Die Schulbehörde hatte bereits vor den Sommerferien darauf hingewiesen, dass Schüler und Lehrer eine Reise in ein Corona-Risikogebiet so planen müssen, dass nach der Rückkehr gegebenenfalls eine zweiwöchige häusliche Quarantäne vor Schulbeginn absolviert werden könne. Rabe sagte, Schüler, die gegen diese Anordnung verstießen, seien als „Schulschwänzer“ anzusehen. Bei Lehrern und Lehrerinnen könne das anteilige Gehalt einbehalten werden.

Die CDU-Schulpolitikerin Birgit Stöver warf Rabe vor, mit den Schulöffnungen „ein hohes Risiko“ zu gehen. „Jahrgangsstufen müssen getrennt werden, doch wie das gesichert funktionieren und wie die Lehrkräfte, Sozialpädagogen und Erzieher nicht durchmischt werden sollen, bleibt unklar. Das ist in der Praxis nur schwer möglich“, sagte Stöver.

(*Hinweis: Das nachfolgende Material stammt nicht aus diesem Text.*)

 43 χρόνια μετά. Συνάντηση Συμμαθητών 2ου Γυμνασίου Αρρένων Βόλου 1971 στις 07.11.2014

Angesichts der Gefahr, dass sich die Zahl der Neuinfektionen erhöht, ist es grob fahrlässig und naiv, keinen Plan B zur Hand zu haben, sagt Birgit Stöver (CDU)
Angesichts der Gefahr, dass sich die Zahl der Neuinfektionen erhöht, ist es grob fahrlässig und naiv, keinen Plan B zur Hand zu haben, sagt Birgit Stöver (CDU) © Mark Sandten

CDU wirft Rabe Planlosigkeit vor

Rabe informiere „viel zu spät“ über seine Pläne, zudem fehle ein „Plan B“. Andere Bundesländer hätten Modelle zu eventuell erforderlichen Einschränkungen abhängig von der Zahl der Neuinfektionen vorgelegt. „Es ist grob fahrlässig und naiv, keinen Plan B zur Hand zu haben“, sagte die CDU-Politikerin. Außerdem gebe es immer noch keine einheitlichen Lernplattformen und Qualitätsstandards für das E-Learning.

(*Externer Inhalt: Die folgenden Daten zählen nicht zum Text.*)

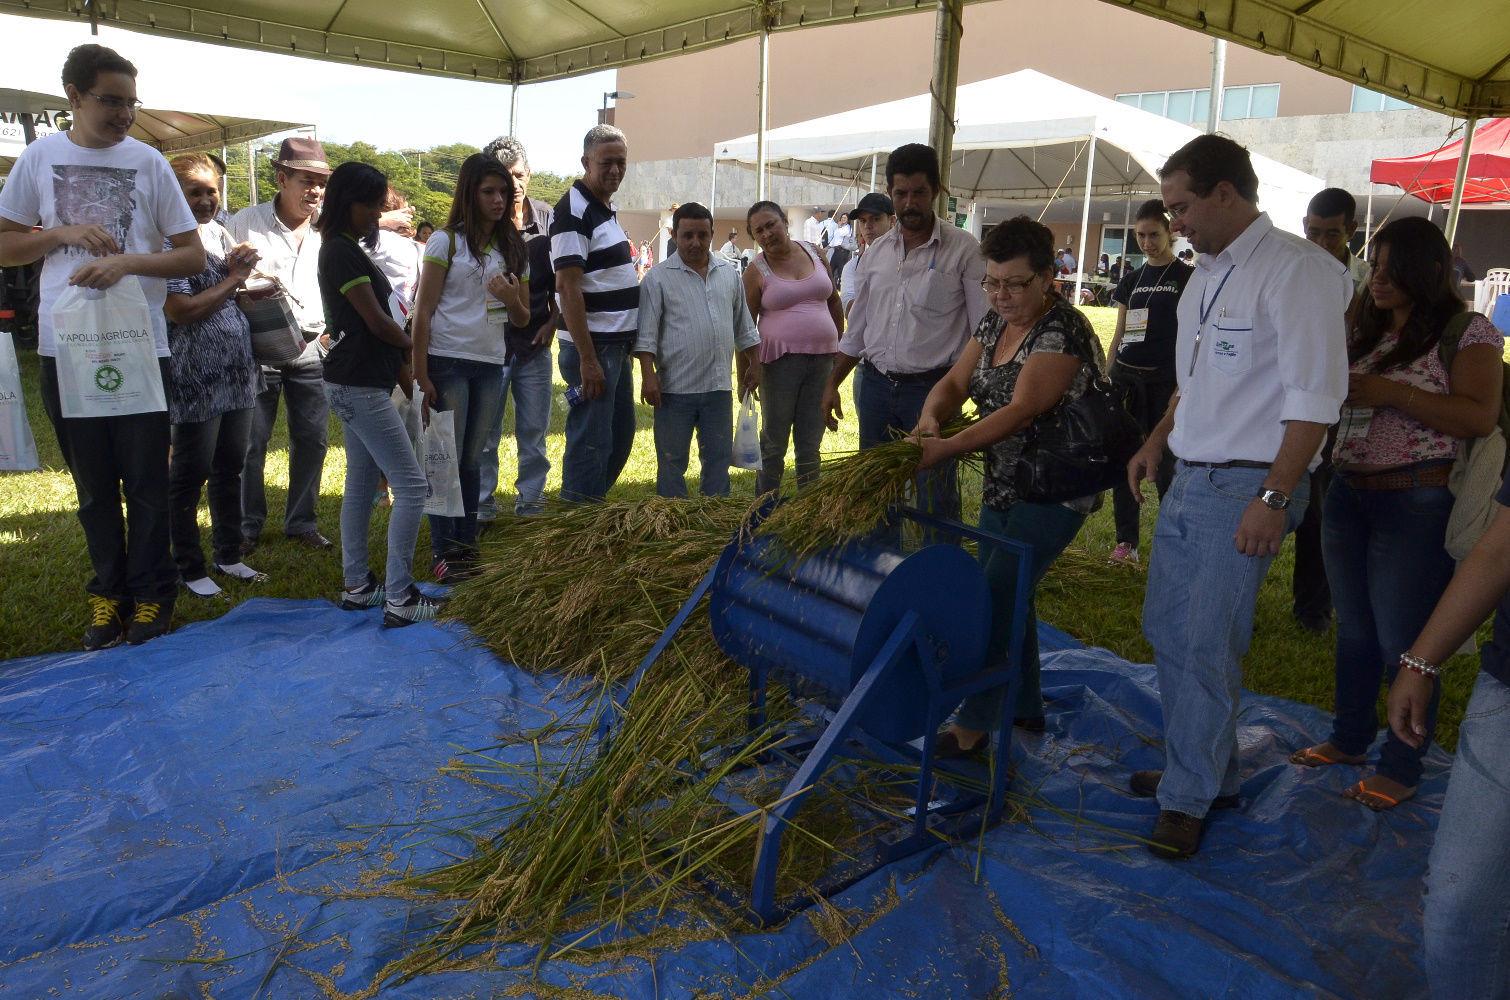 Evento propõe formação e atividades demonstrativas para público em geral

Die Linken-Bürgerschaftsfraktionschefin Sabine Boeddinghaus warf Rabe vor, die Schulen nicht an den Plänen zur Öffnung beteiligt zu haben. „Die Schulbehörde überzieht die Schulen mit Forderungen und lässt sie bei Umsetzung und mit der Verantwortung allein“, sagte Boeddinghaus. Es könne zum Beispiel nicht sein, dass die Schulen keine zusätzlichen Mittel zur Aufarbeitung der Lernrückstände erhielten.

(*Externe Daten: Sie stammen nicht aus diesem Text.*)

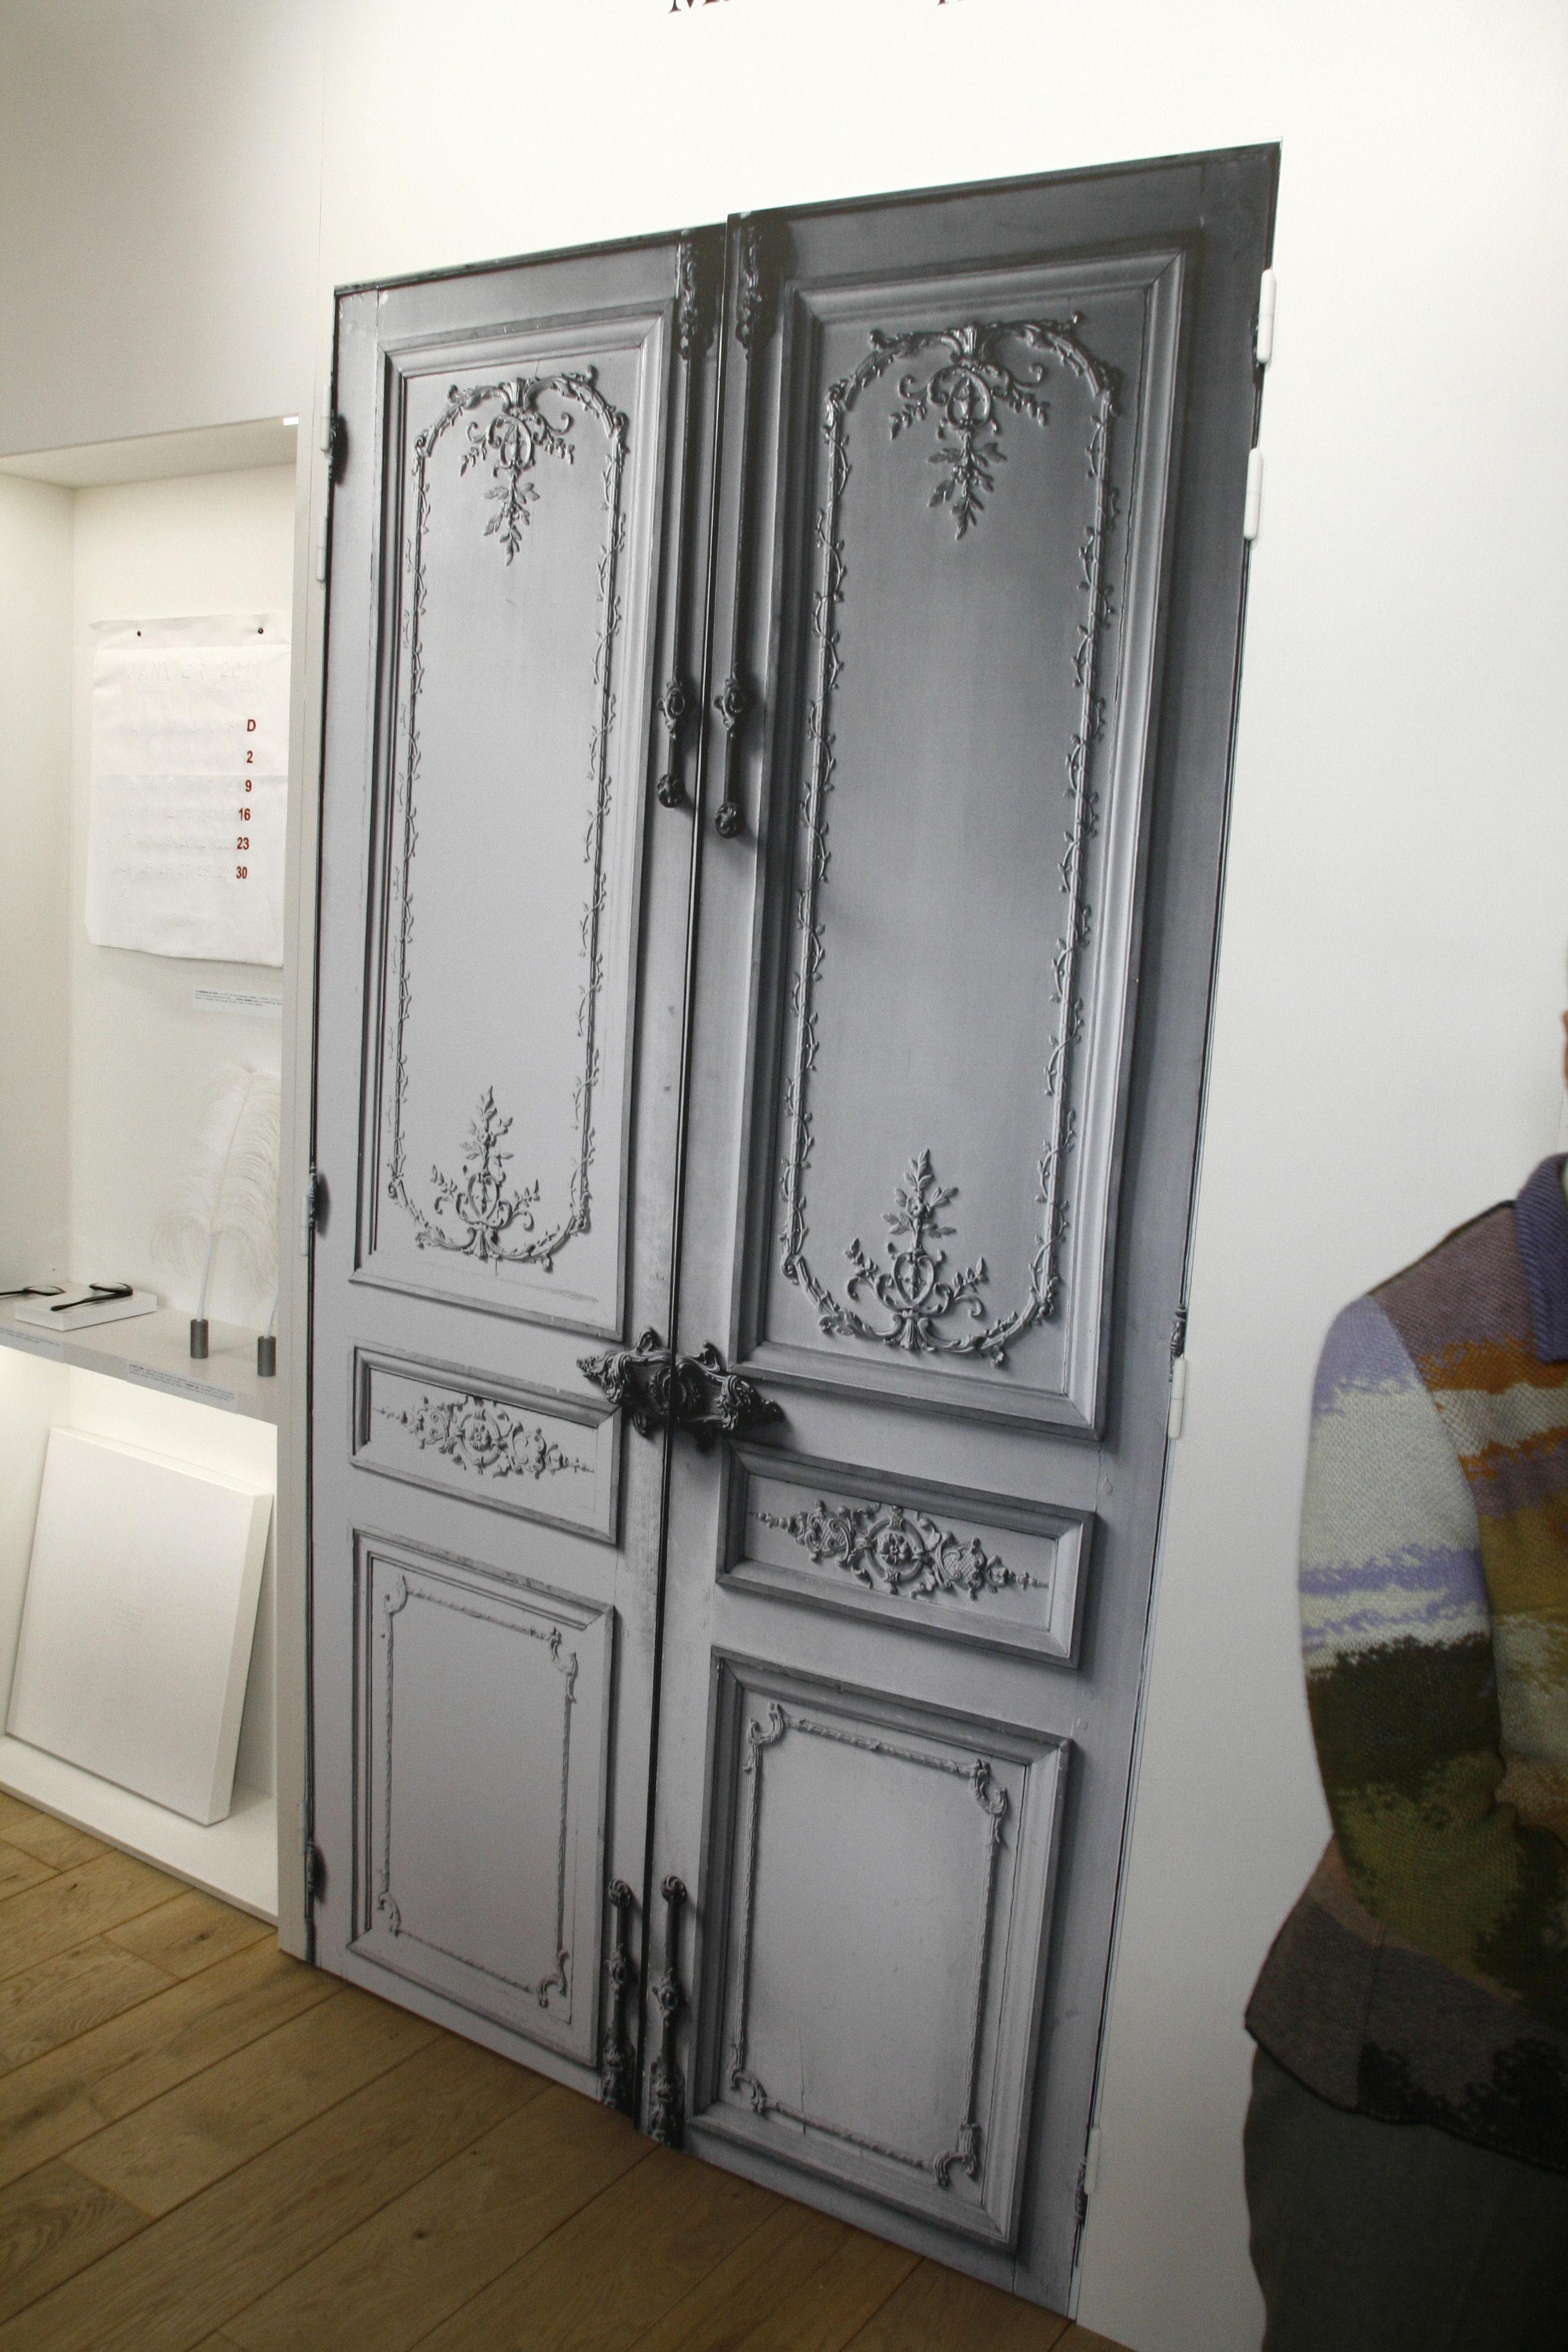 Porte haussmannienne sticker by maison martin margiela for Porte haussmannienne

GEW kritisiert fehlende Abstandsregeln in Klassen

Die Gewerkschaft Erziehung und Wissenschaft (GEW) kritisierte, dass nach Behördenvorgabe die Corona-Abstandsregeln in den Klassen und Jahrgangsstufen aufgehoben werden sollen „Damit wird in den Hamburger Schulen auf eine wesentliche Infektionsprävention verzichtet.

Wissenschaftlich ist nicht erwiesen, dass Kinder und Jugendliche weniger ansteckend sind als Erwachsene“, sagte die GEW-Vorsitzende Anja Bensinger-Stolze. In Israel und Schweden habe man mit Covid-19-Infektionen an Schulen zu kämpfen. Aus Sicht der GEW wäre der Unterricht in kleinen Gruppen bis zu 15 Schülern die richtige Antwort. „Der Senator hat versäumt, über eine Neukonzeption von Unterricht ernsthaft nachzudenken“, sagte Bensinger-Stolze.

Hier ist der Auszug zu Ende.